Modern marketing plans are incomplete without a social media strategy. Yet at Socialnamic, we see many companies dive into social media without just that — a strategy. Instead, they view it as more of a pastime than as a real source of business. And you know what? That mindset is a self-fulfilling prophecy, causing companies to make a significant time investment, but gain no clear return.

Everyone knows the importance of a good website, a nice booth layout at a trade show or a professional company video. So why do many businesses treat social media differently?

It’s likely because many of us use social media in our private lives and therefore think that managing a profile on a business platform (such as LinkedIn Business Manager, Meta Ads Manager, Meta Business Suite or Event Manager) is the same.

The fact that they are very easy to use compared to other technologies also makes people think they can manage them without spending much extra time or money. Here’s the thing, though: social media is a proven marketing tool. And just like other marketing tools, you need to invest time and money to see a good return on investment.

Your profile is a reflection of your business. So, to help you put your best foot forward and save time learning through trial and error, let me share some expert tips with you on how you can create and maintain a stellar social media profile.

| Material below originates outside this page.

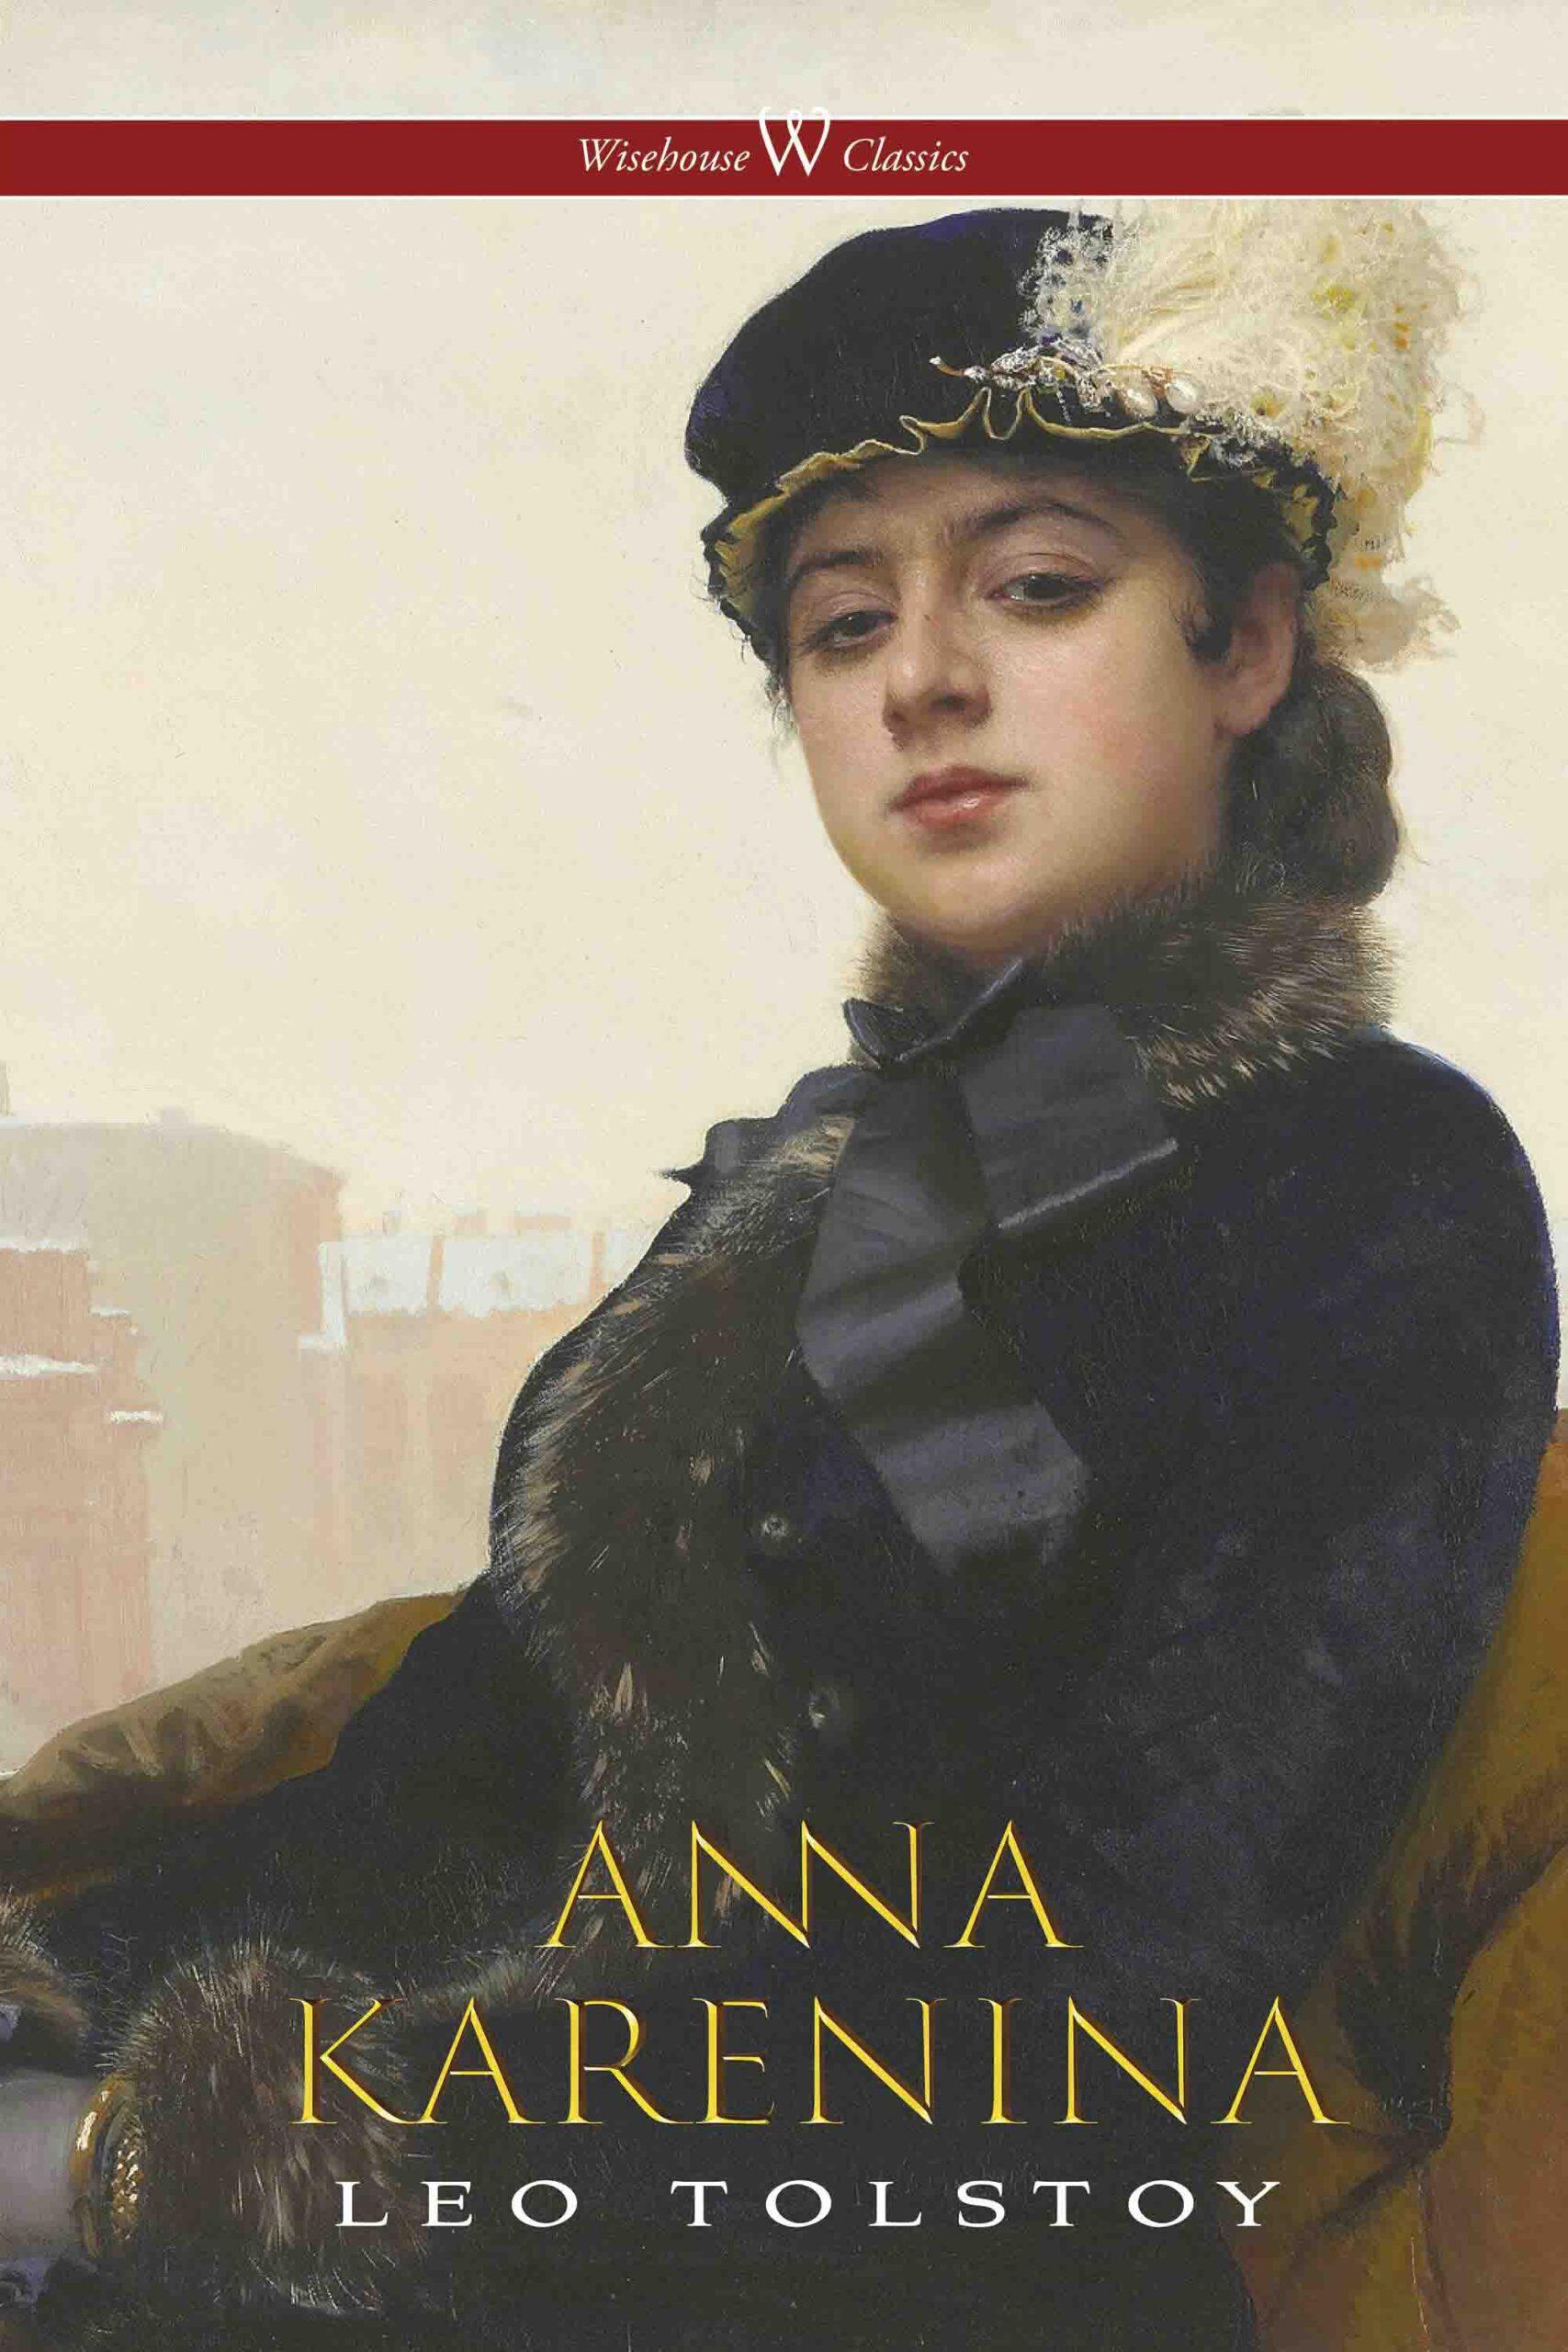 Anna Karenina (Wisehouse Classics Edition)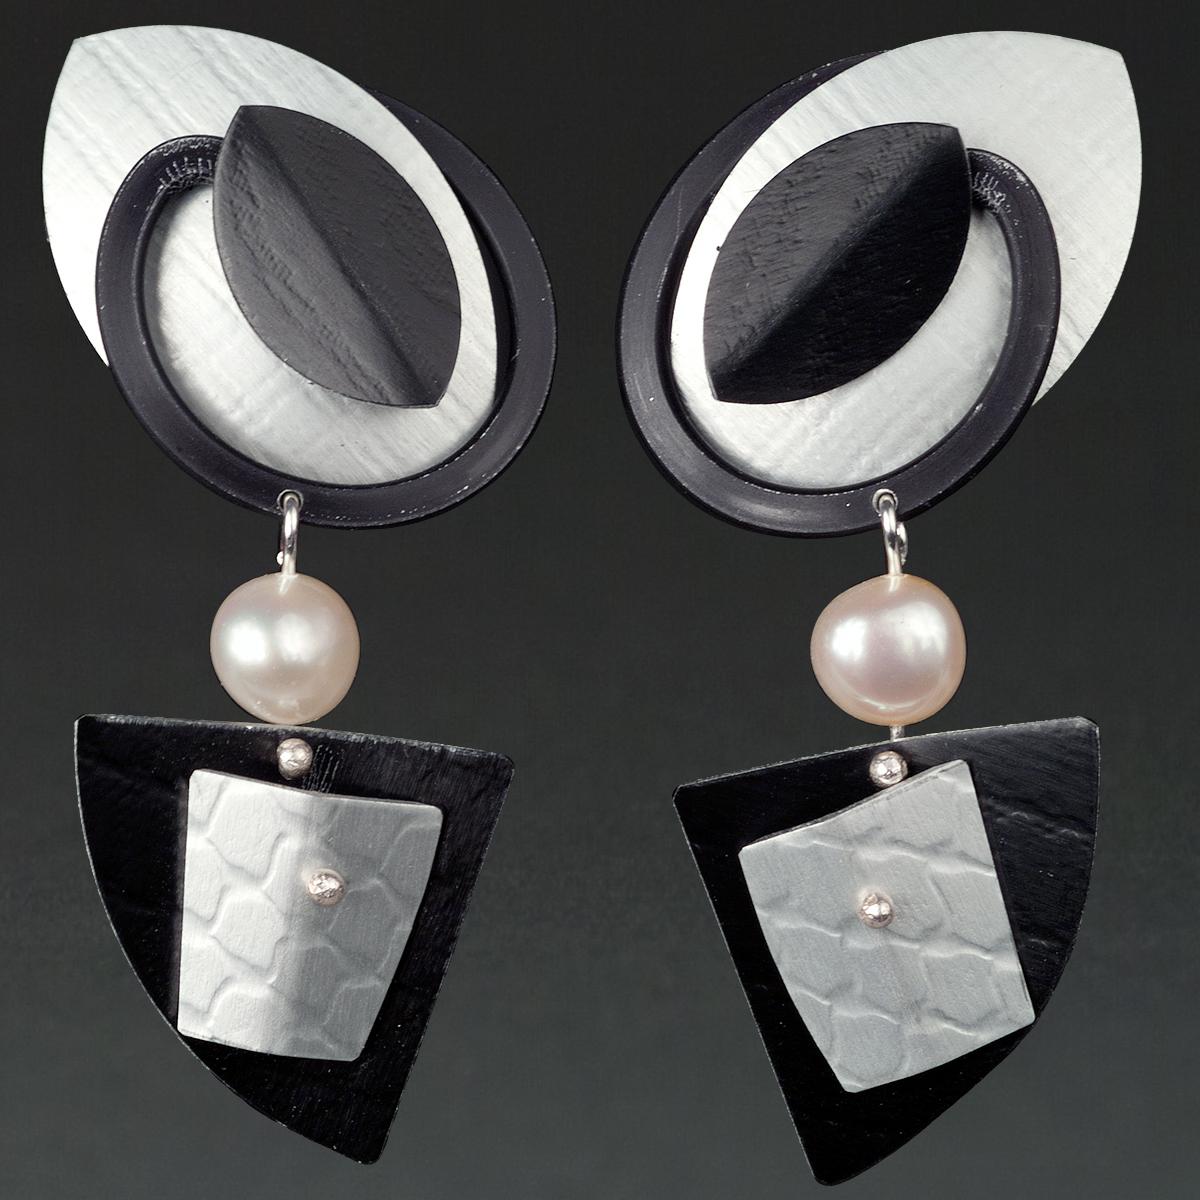 A - Silver, Black

What Makes a Good Profile?

Every platform has different features and layouts, but generally speaking, you need to fully complete your profile to engage — and hopefully convert — any traffic you land. To do that you need to:

  1. Add high-quality profile and cover pictures with descriptions. Low-resolution images do not show your business in the best light while leaving out descriptions leaves your audience without context and possible SEO opportunities.
  2. Fill out all profile sections. Only leave them empty if they really don’t make sense for your business.
  3. Add your contact data and links to other profiles, where possible. Don’t be shy or concerned about privacy. Choose what you want to share but give people the possibility to contact you directly. This is, after all, the aim of social media.
  4. Use highlights and pinned content. There’s a reason these features exist, and for businesses, they are a great section to share, in a few words, what makes the company unique.
  5. Add links in your Bio and descriptions. You want to give enough information to awaken people’s curiosity but not so much that they won’t be enticed to visit your website to learn more. One of the best ways to add that link is by using a link divider such as Zaap or LinkTree.
  6. Post regularly. Don’t let people visit an empty profile or find old content on it.

Keep it Updated

The last point above in many ways is the hardest and most important. It’s not enough to set up a good profile and just leave it. New people visiting your profile will want to see that you are active, and if they find old content it will leave them with a bad first impression. (That is, if they find it at all — the less often you post, the fewer people the algorithm will show your profile to.)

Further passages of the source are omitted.